Vinagrete 20.03.25 – Política e Coronavírus

Vi que, segundo uma sondagem académica para o Expresso e a SIC, António Costa está muito bem e consensualmente valorizado (com dados estratosféricos de 75% para uma democracia) como líder nacional, por causa do Coronovírus. Mesmo à frente (embora só por 1%, é significativo) do popularíssimo Presidente Marcelo Rebelo de Sousa, que se pôs a dar maus exemplos de beijarada, em plena época de contaminações, e teve depois de ir para uma estranhíssima quarentena.

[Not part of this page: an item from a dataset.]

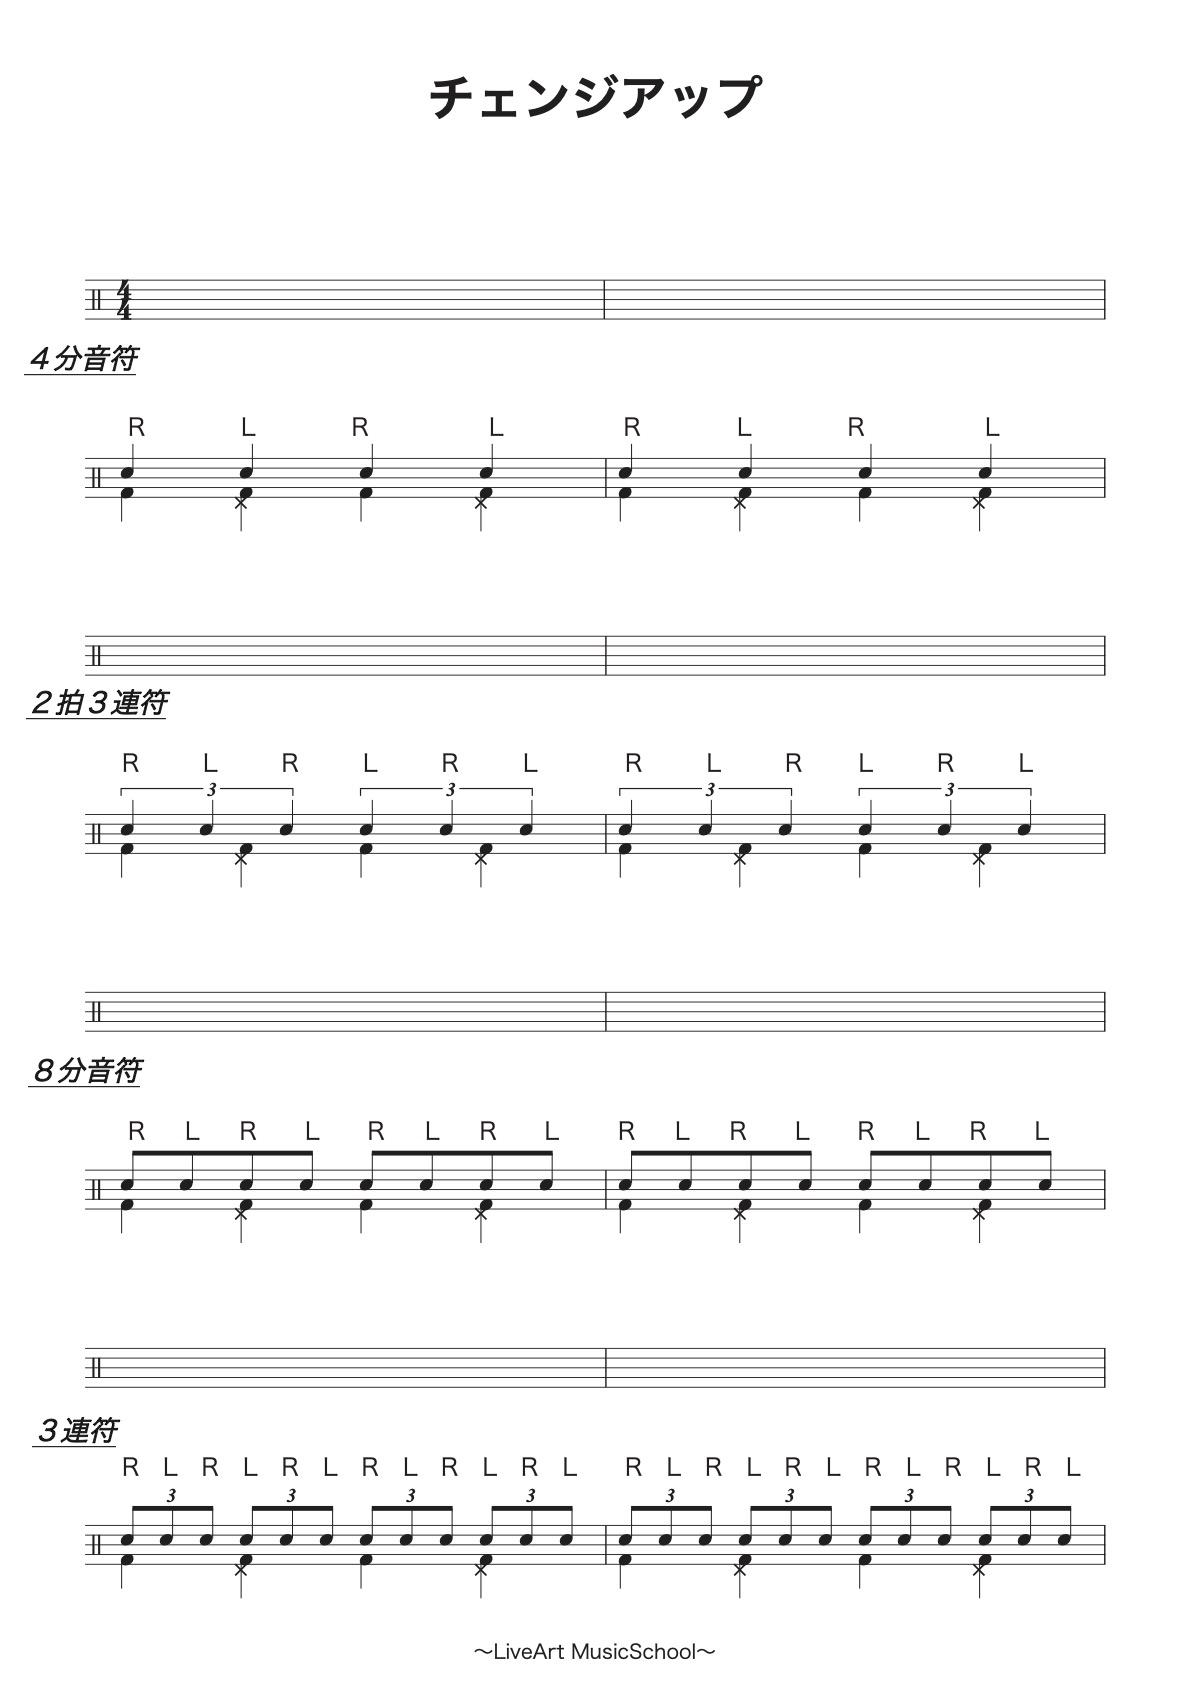 ドラム,チェンジアップ楽譜1
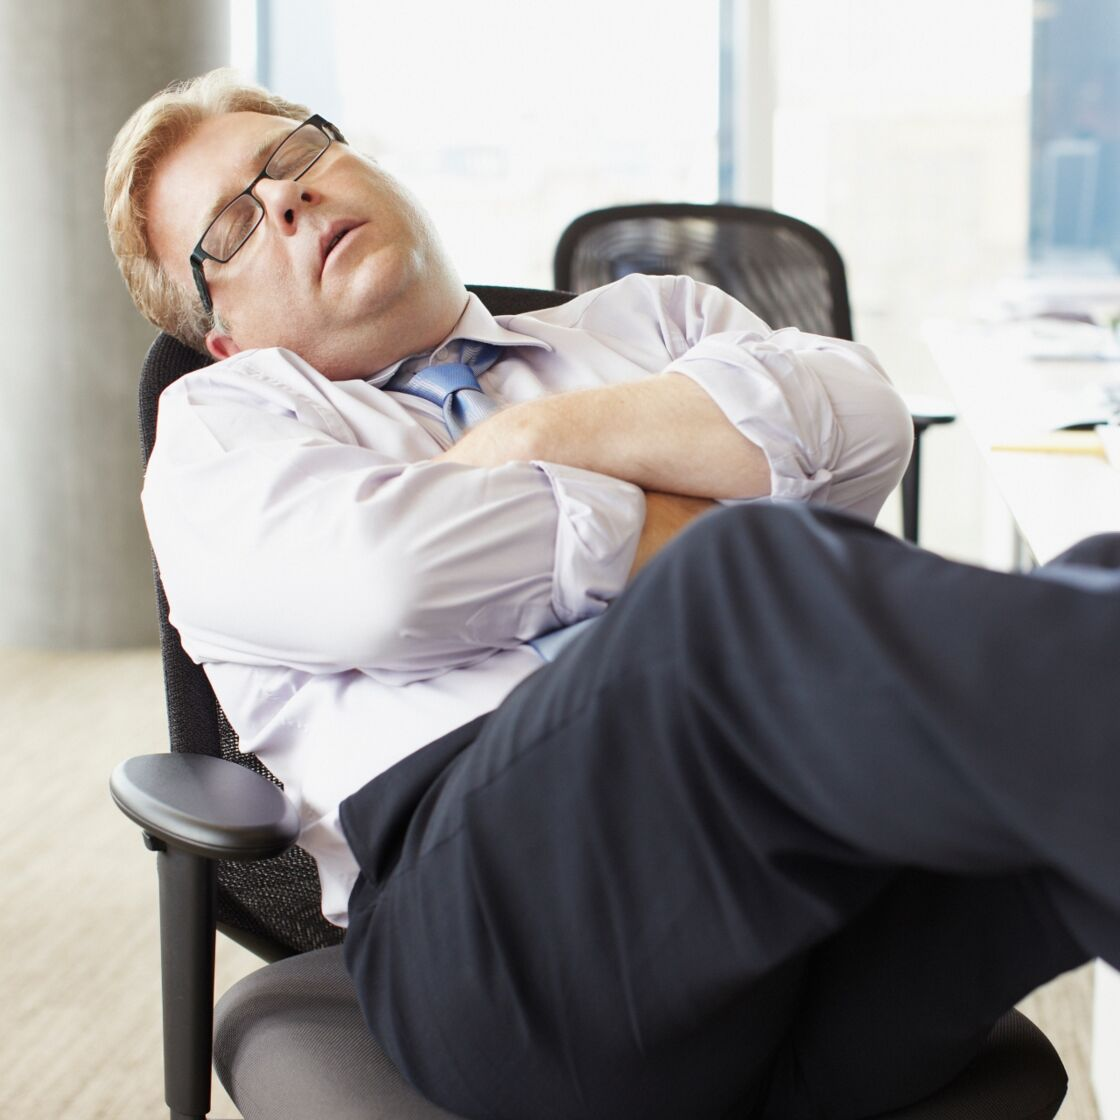 Wenn du häufig Nickerchen brauchst, kann diese ernste Krankheit der Grund sein

Política e Coronavírus, RTP

Sou dos que pensam que não estamos em épocas de divergências, mas de consensos, e de seguir as autoridades. Talvez isto não seja uma guerra, mas a reacção tem de ser muito parecida. O próprio Aventura (ou como se chama), um especialista em falar de futebol com palavras acesas que se meteu na política com um partido seu (O Basta?), o percebeu, ao retirar uma proposta de revisão constitucional para combater o Coronavírus, e decidir seguir as autoridades nestes tempos difíceis. Deixou o CDS a falar sozinho (ou quase) contra essas autoridades, como se fosse um Bolsonaro ou um Trump, mais interessado em votos do que em combater o vírus agressivo e global.

Aproveito para destacar o trabalho de outras profissões, para além das da Saúde, nesta luta – como as dos supermercados e afins. Menos reivindicativas, como se todos lhes devêssemos mais do que aos outros (astais da Saúde que se têm mostrado muito reivindicativas) –, não deixam de se arriscar diariamente, talvez até mais (pelo menos, com menos material de protecção à vista), para servirem o público, nestes momentos difíceis e de desconhecimentos. Com isto, não quero deixar de valorizar o trabalho dos profissionais de Saúde, mas apenas alertar para que há mais profissões a zelar por nós, e em piores condições. Afinal, somos o país empobrecido que sabemos, mas mantemos uma Saúde pública de ricos.

Entretanto, a imprensa parece encantada por dar voz a qualquer crítico, que já se viu não corresponder ao sentir da população. E o líder do CDS, oferece-se à popularizada tropa, como voluntário, esquecendo a importância do seu papel político. Pelos vistos o CDS não vai endireitar-se desta (o seu presidente será dos piores, talvez pela falta de maturidade, mas o líder parlamentar, bem mais maduro, não se tem mostrado nada melhor. O Basta tem cada vez maiores probabilidades de o ultrapassar. O que vale é que a maioria da Direita se mostra mais identificada com o PSD de Rui Rio, e nesse aspecto podemos ficar descansados. Ao contrário de outros, ultimamente o PSD soube escolher, e deixar esquecido o seu pior tempo.